Collins airs ad blitz opposing prevailing wage
July 22, 2009
Says Legislature’s pro-union move will hurt projects, wipe out savings from low-cost loans.
Chris Collins today unleashes an advertising blitz to prod Erie County legislators into forgetting about the prevailing wage and adopting his plan to jump-start the expansion projects drawn up by colleges, private schools and assorted nonprofits.
A narrator starts the county executive’s radio spots like this:
“During the worst recession since the Great Depression, nothing is more important than creating good-paying jobs in the Buffalo area.
“Unfortunately, the career politicians and their special-interests friends say no.”
Also beginning today: a series of automated telephone calls — “robocalls” — urging taxpayers to contact their county lawmakers, Chairwoman Lynn M. Marinelli in particular.
Marinelli says Collins is using the issue to set the table for this year’s County Legislature elections.
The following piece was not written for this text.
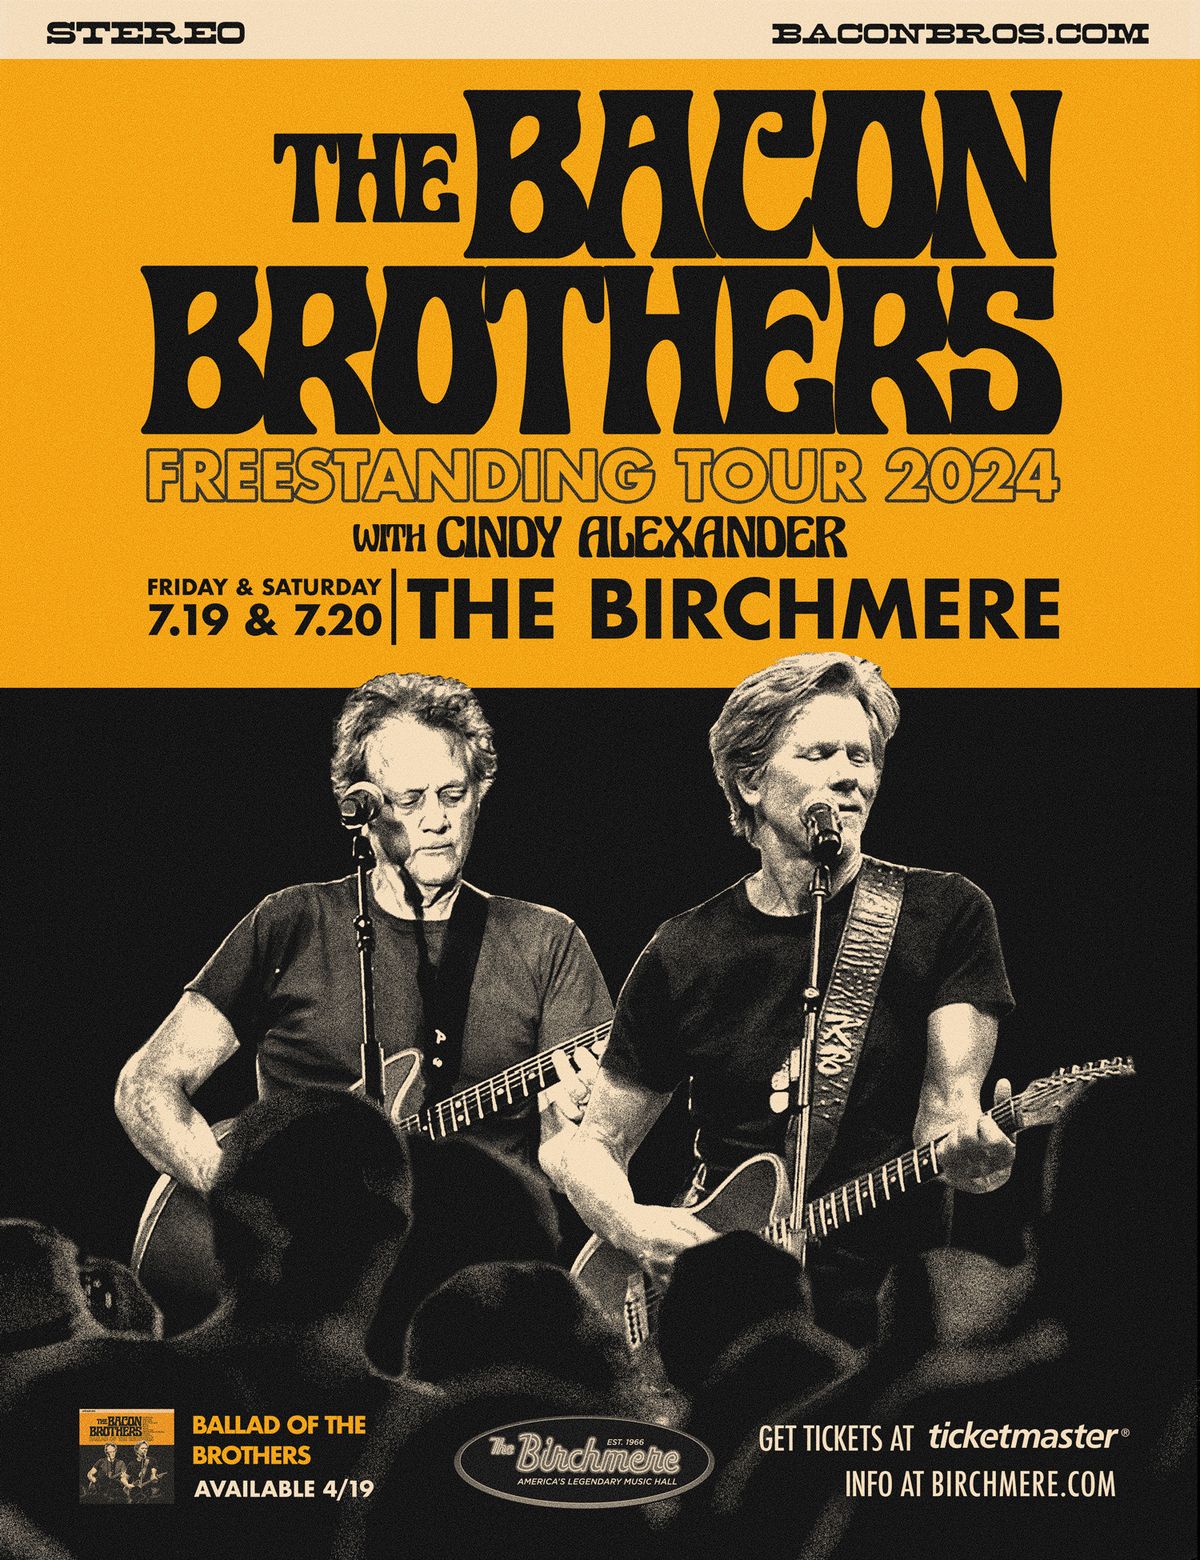 SOLD OUT! The Bacon Brothers Freestanding Tour with Cindy Alexander

He already has targeted a handful of Legislature Democrats for defeat by labeling them as obstructionists and promoting their challengers.
Aides said that Collins’ new political action committee will spend $10,000 on radio advertising to promote his plan to let an arm of the Erie County Industrial Development Agency offer cheaper, tax-exempt financing to nonprofits for their expansions.
In years past, such financing would have been arranged through the Industrial Development Agency itself. However, the state has not renewed the IDA authority that lets the agency finance civic projects.
State leaders have discussed, among other things, the addition of a prevailing-wage requirement that would force those nonprofit borrowers to pay higher wages to their construction workers.
Collins and the IDA’s lawyers found a way past the state’s delay, by using an arm of the IDA known as the Industrial Land Development Corp.
However, Collins’ plea for Legislature consent also triggered a move to apply the prevailing- wage requirement to the Erie County legislation as well.
Collins says the prevailing wage and other pro-union amendments proposed by some County Legislature Democrats would wipe out the savings from low-cost loans. He’s urging the legislators to reverse course.
The amendments were unveiled by Timothy M. Kennedy, D-Buffalo, a staunchly pro-union legislator and chairman of the Economic Development Committee. The committee meets at 2 p. m. today on the fourth floor of Old County Hall to again discuss the request from Collins and the IDA.
Construction-related unions around the state are pushing to add a prevailing-wage requirement to IDA legislation after stressing that IDAs for years have doled out low-interest money to companies that do not produce promised jobs.
The $10,000 will come from Collins’ new political action committee, Taxpayers First, after a start-up donation from his main political fund, Collins for Our Future, explained Christopher M. Grant, the county executive’s chief of staff.
“Anytime the county can directly impact $200 million in economic development projects and create hundreds of jobs, that’s a no-brainer,” Grant said. “He is willing to put the full force of his political organization behind that to effectively communicate a message to taxpayers.”
While Kennedy pushed the pro-union amendments, Collins blames Marinelli for letting it happen by sending the legislation to a committee and not putting it swiftly before the full Legislature for a vote. The radio ad calls her a “career politician.”
Marinelli and other legislators, however, found the original Collins bill loosely written and confusing. It was unlikely to pass when lawmakers last met July 9.
“It has only been before us for two weeks, and I think there has been a lot of progress in those two weeks,” she said. “If this is such a great idea, let it rise on its merits. Let the legislators ask their questions.”
“Consensus is what people are crying out for in government,” she said. “I think it’s a healthy process.”